The helplessness of the elderly!Sending my 78 year old mother to a nursing home, my brother didn t t

Mondo Social Updated on 2024-01-24

In this era of rapid development, in the face of family changes and financial pressures, more and more children are faced with a difficult choice: whether to send their elderly parents to nursing homes. I'm one of them. My 78-year-old mother, the one who gave everything for us, is now being sent to a nursing home by me. My brother was reluctant to take the money, and my sister was hesitant. This is a story about the elderly, those helpless and entangled, I hope to arouse more people's thinking and attention.

My name is Li Xiaoyu and I am 46 years old this year. My family's background is not wealthy, my father is a worker, and my mother is a housewife. When I was a child, life at home was not easy, but our family never felt the slightest shortcoming. Our parents always worked silently for us and gave us the best resources. And now, as they get older and weaker, I can't give them the same love and reciprocation.

Mom is my dearest person. She is strong, optimistic, and always radiates a warm glow in every corner of our home. However, as she grew older and became unwell, she became more and more dependent on others for her care. I tried my best to take on this responsibility, but my busy schedule and financial pressures prevented me from taking care of her wholeheartedly.

At the same time, the elder brother and sister are also facing their own dilemmas. The elder brother is an ordinary clerk, he is already responsible for his own family, and he does not have extra energy and financial resources to take care of the elderly. The younger sister is entangled in the problems of her marriage and cannot pay more attention and energy to the elderly. We all want to give our mother the best life, but the reality makes us helpless.

In desperation, I decided to send my mother to a carefully selected nursing home. Although I understand that a nursing home is not a substitute for affection, at least she can be better cared for and loved. When I took my mother to visit my new home, her eyes were full of confusion and helplessness.

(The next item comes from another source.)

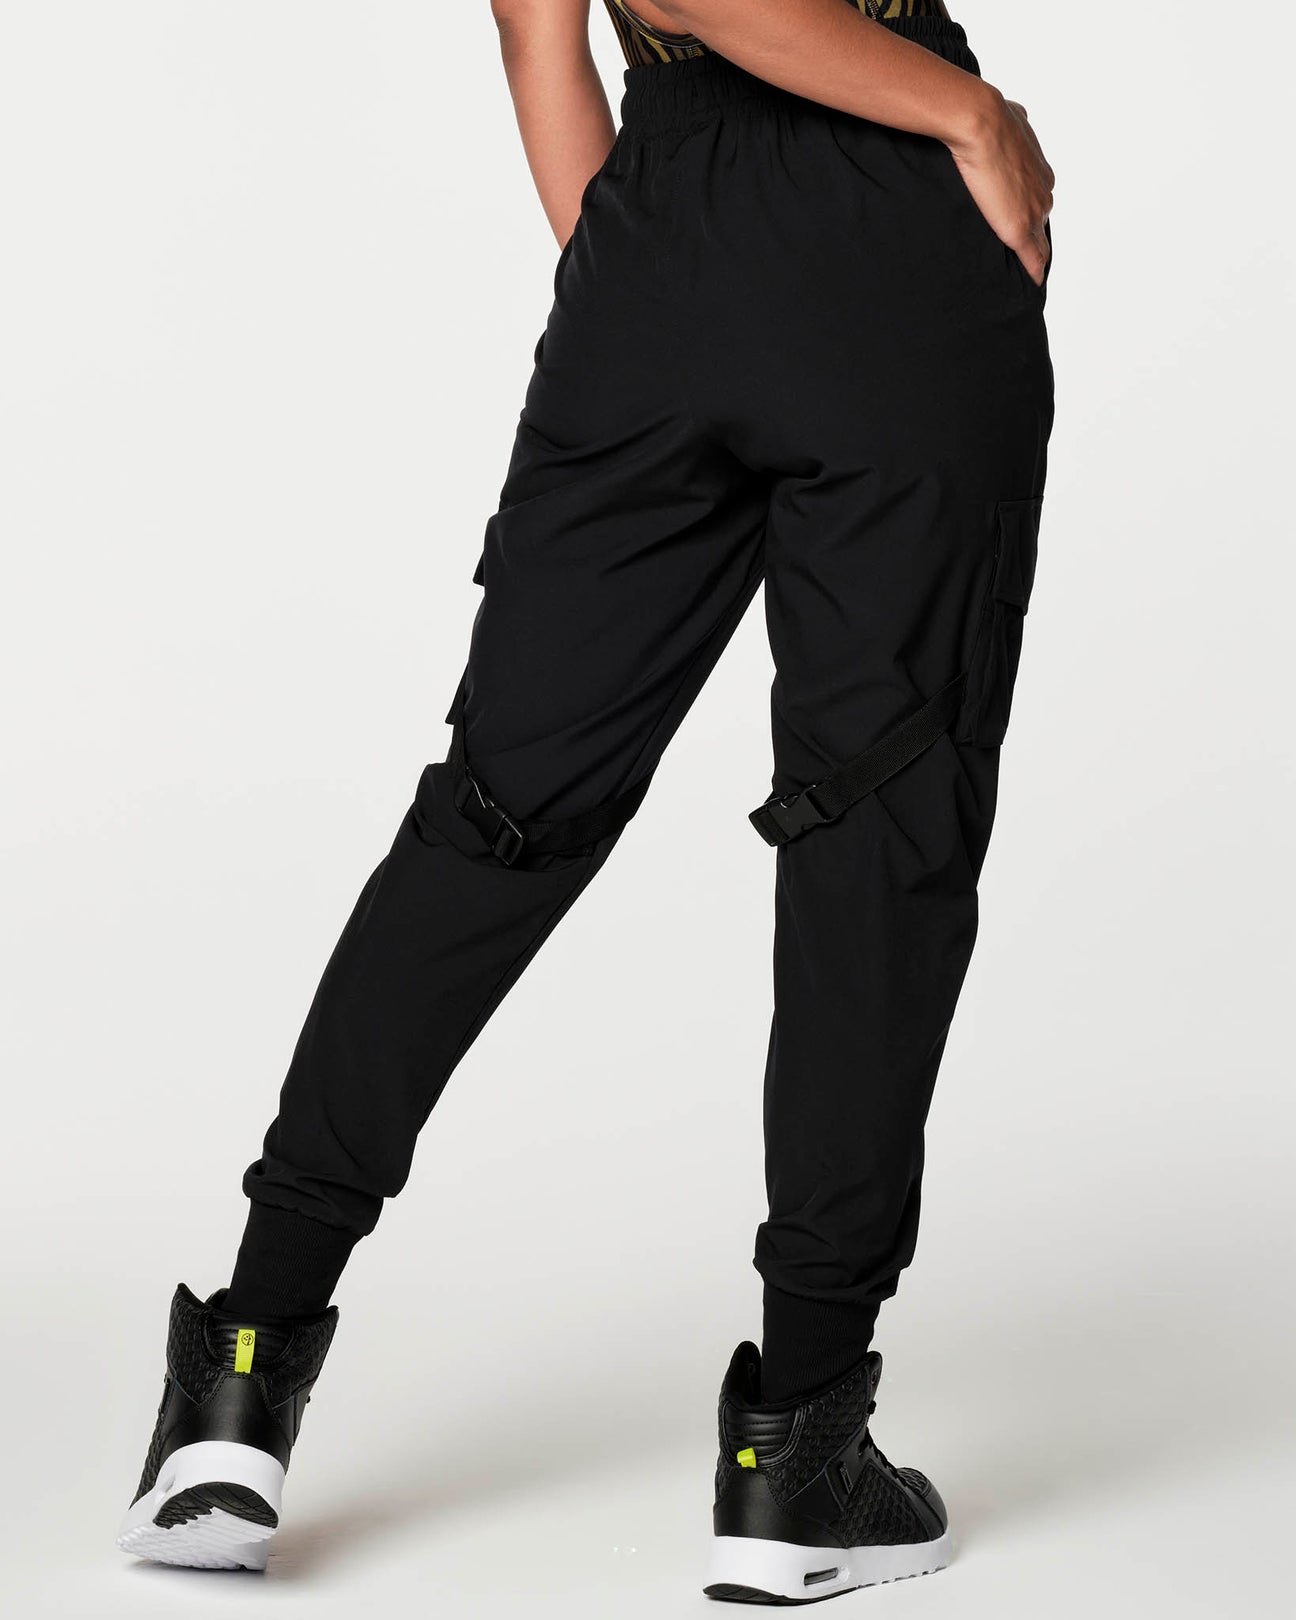 ZUMBA CARGO PANTS~Converts to Capri w Side Snaps~Feel the Music

Perhaps she doesn't understand why we can't continue to live together, why family harmony is no longer a reality.

Every time I think back to the day I sent my mother to a nursing home, my heart is overwhelmed with endless guilt and remorse. I felt a heavy sense of guilt, as if I had betrayed my mother, who had been so selfless in my life. I know that this helplessness is not just my problem, and many of my children are facing the same choice.

Perhaps, society should pay more attention to this problem and provide better solutions. ** Relevant policies can be formulated to establish more elderly activity centers and community service institutions to provide more help and companionship for the elderly living alone. Companies can encourage employees to care for older families by offering flexible working hours and holidays so they can spend more time with their families. Everyone, whether parents or children, should understand and tolerate each other with a caring heart, and work together to create a warmer society.

In any case, I believe that each of us should treat and respect our parents with care. Helplessness and entanglement are just part of life, but we can try to find solutions to problems and give them more love and companionship. May we be able to stay true to our original aspirations and protect the harmony and warmth of our families in this fast-paced society.